The calculation of the turns of the inductor is very simple: it is the number of conductor layers wound on the core.
We figured out the formulas, and now a little about where exactly these formulas and calculations can be useful to us.
These formulas are very widely used because of the ubiquity of inductors.As we have already found out, there are different types of coils, each of which corresponds to its application. In this regard, it becomes necessary to somehow separate them according to their characteristics, because each industry needs its own specific inductance and good quality.

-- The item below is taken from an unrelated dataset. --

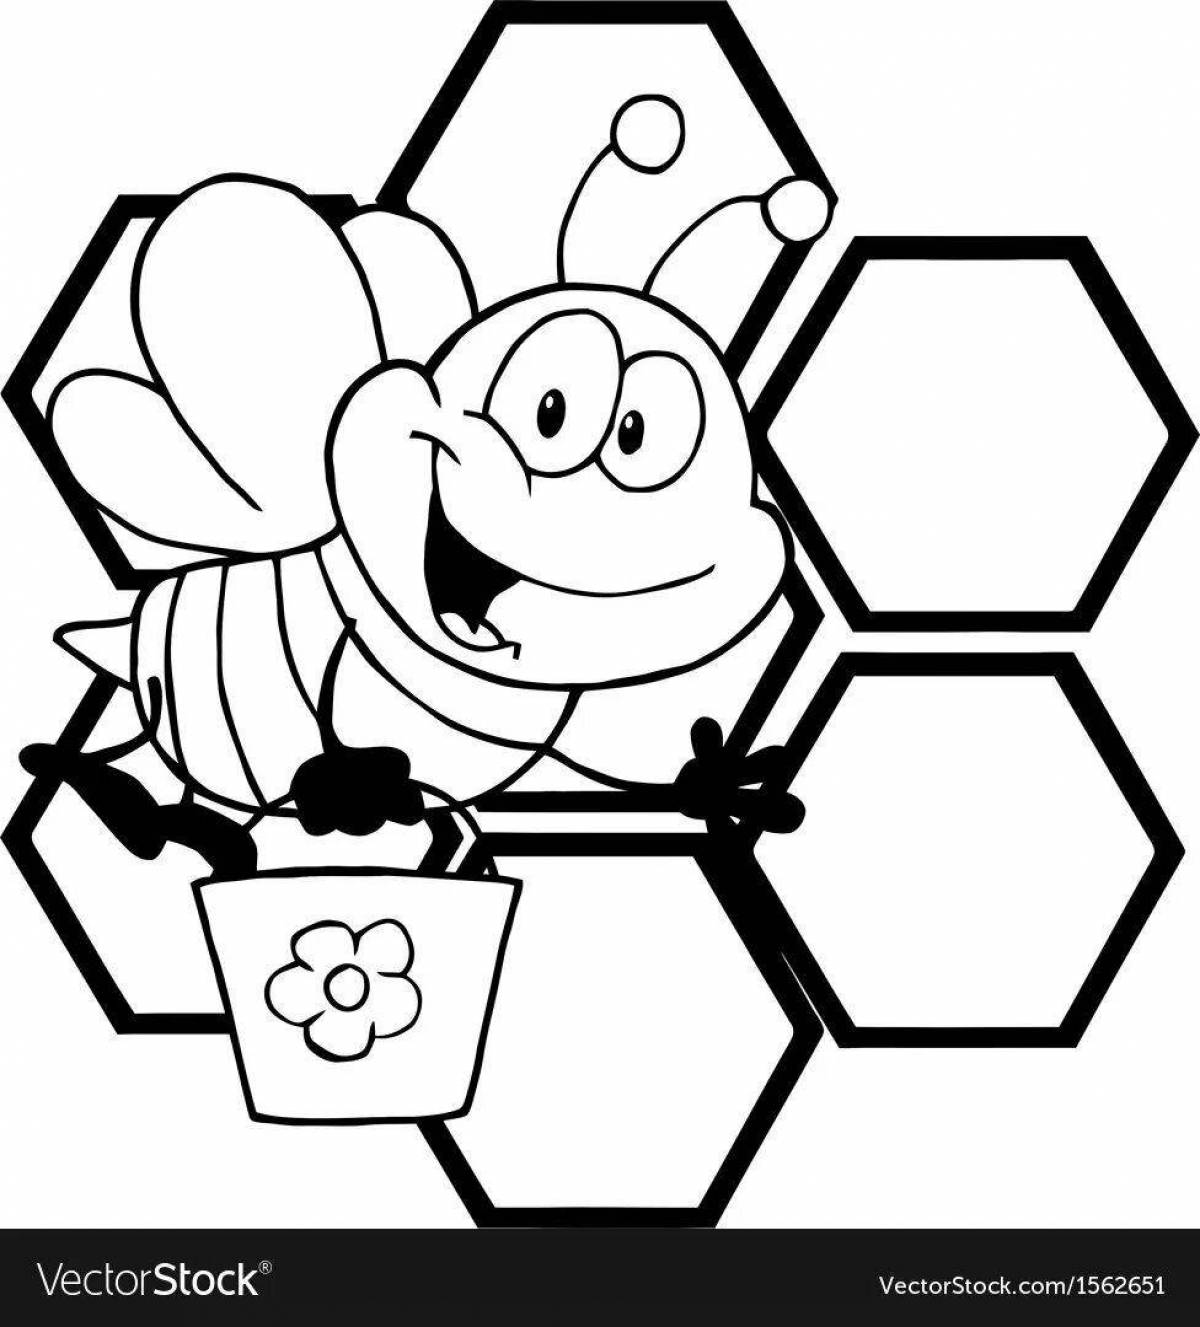 Adorable honeycomb coloring book for schoolchildren
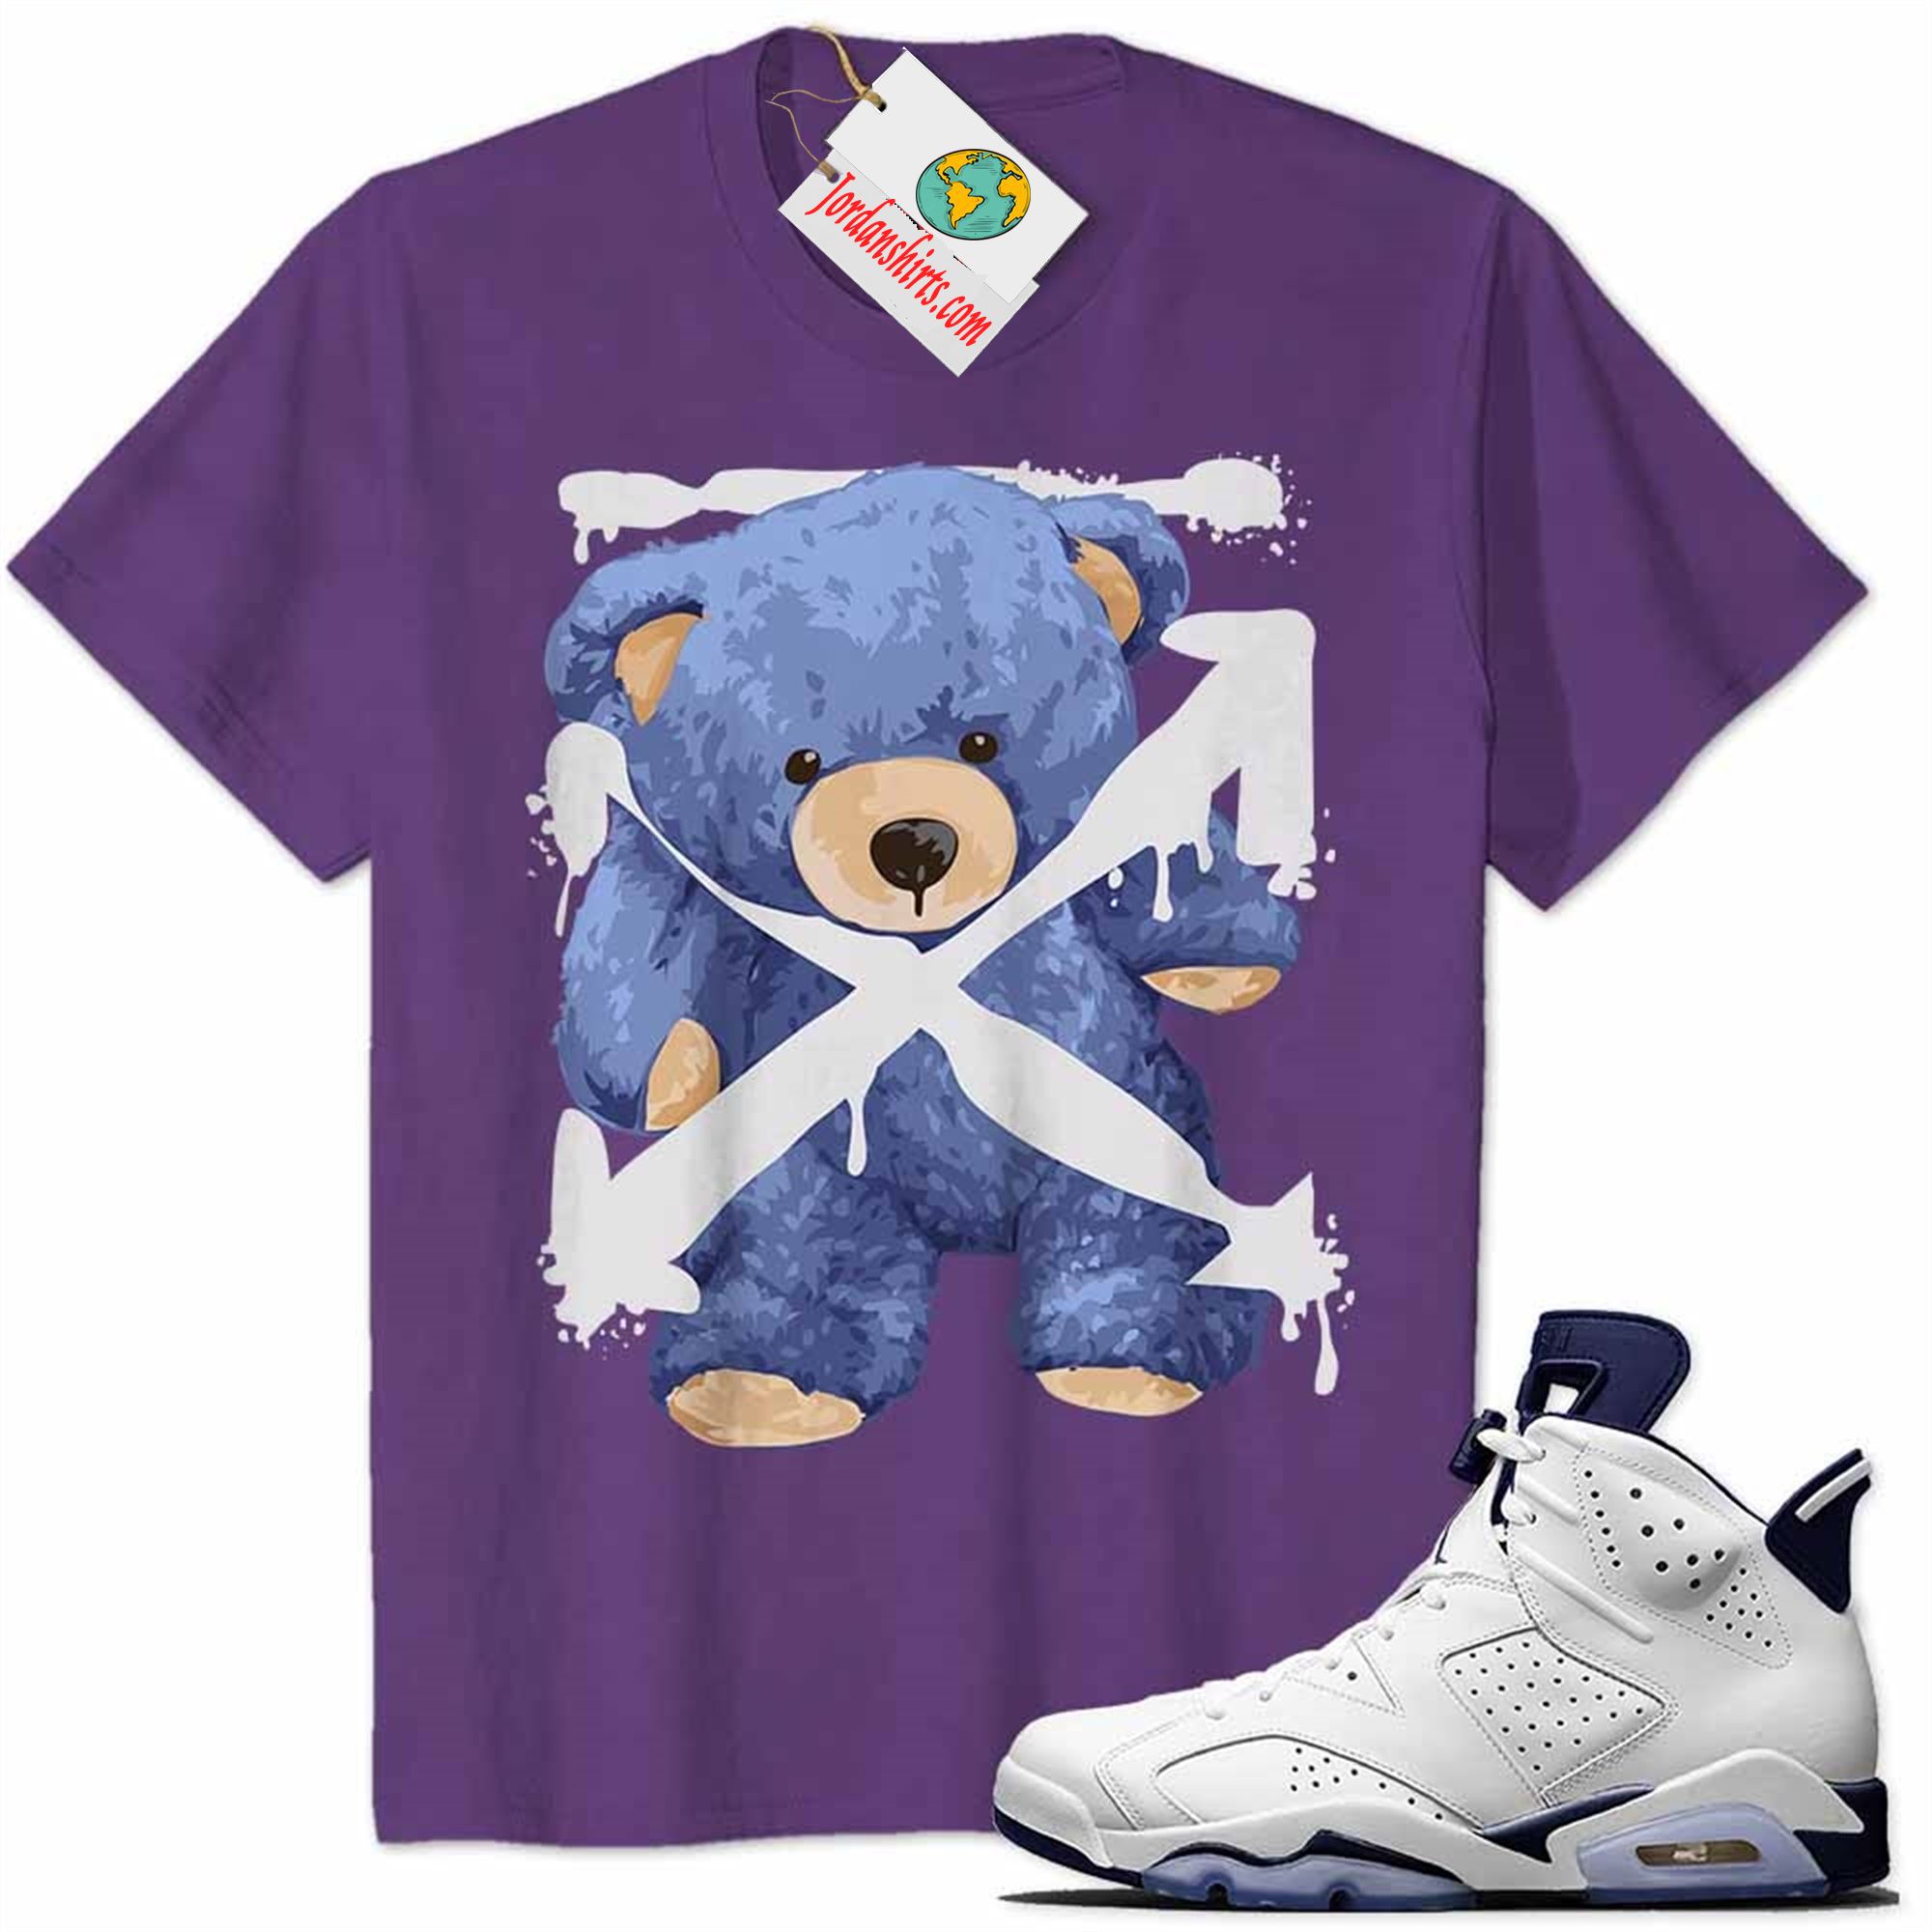 Jordan 6 Shirt, Teddy Bear Off White Paint Dripping Purple Air Jordan 6 Midnight Navy 6s Full Size Up To 5xl

Basically, the calculation of the inductance of the coils is used in production and in electrical engineering. Every amateur radio operator should know how to calculate inductance, otherwise how can he determine which coil of a huge array is suitable for his purpose, and which coil is not.
You are interested?
Today there are a lot of scientists interested in magnetism and magnetic phenomena. They study both magnetic and electrical aspects of substances, trying to identify patterns and synthesize powerful magnets with certain necessary properties: for example, with a high melting point or superconductivity. All these materials can be used in a huge number of industries.
Let us give an example with the aerospace industry: promising for long-range interstellar flights are rockets with ionic engines that create thrust by ejecting ionized gas from a nozzle.The thrust force in such an engine depends on the temperature of the gas and the speed of its movement. Accordingly, in order to give the gas a maximum force for acceleration, we need a very strong magnet, which accelerates charged particles and also has a very high melting point in order not to melt when the gases exit the nozzle.
Knowledge is never superfluous and always somewhere, but it will come in handy. Now, if you get a program for calculating the inductance of a coil, you can easily tell why there are such formulas and what variables in them what they mean. This article is intended only for your reference, and if you want to know more, you should read the specialized literature (the benefit of many years of studying magnetic phenomena accumulated a lot).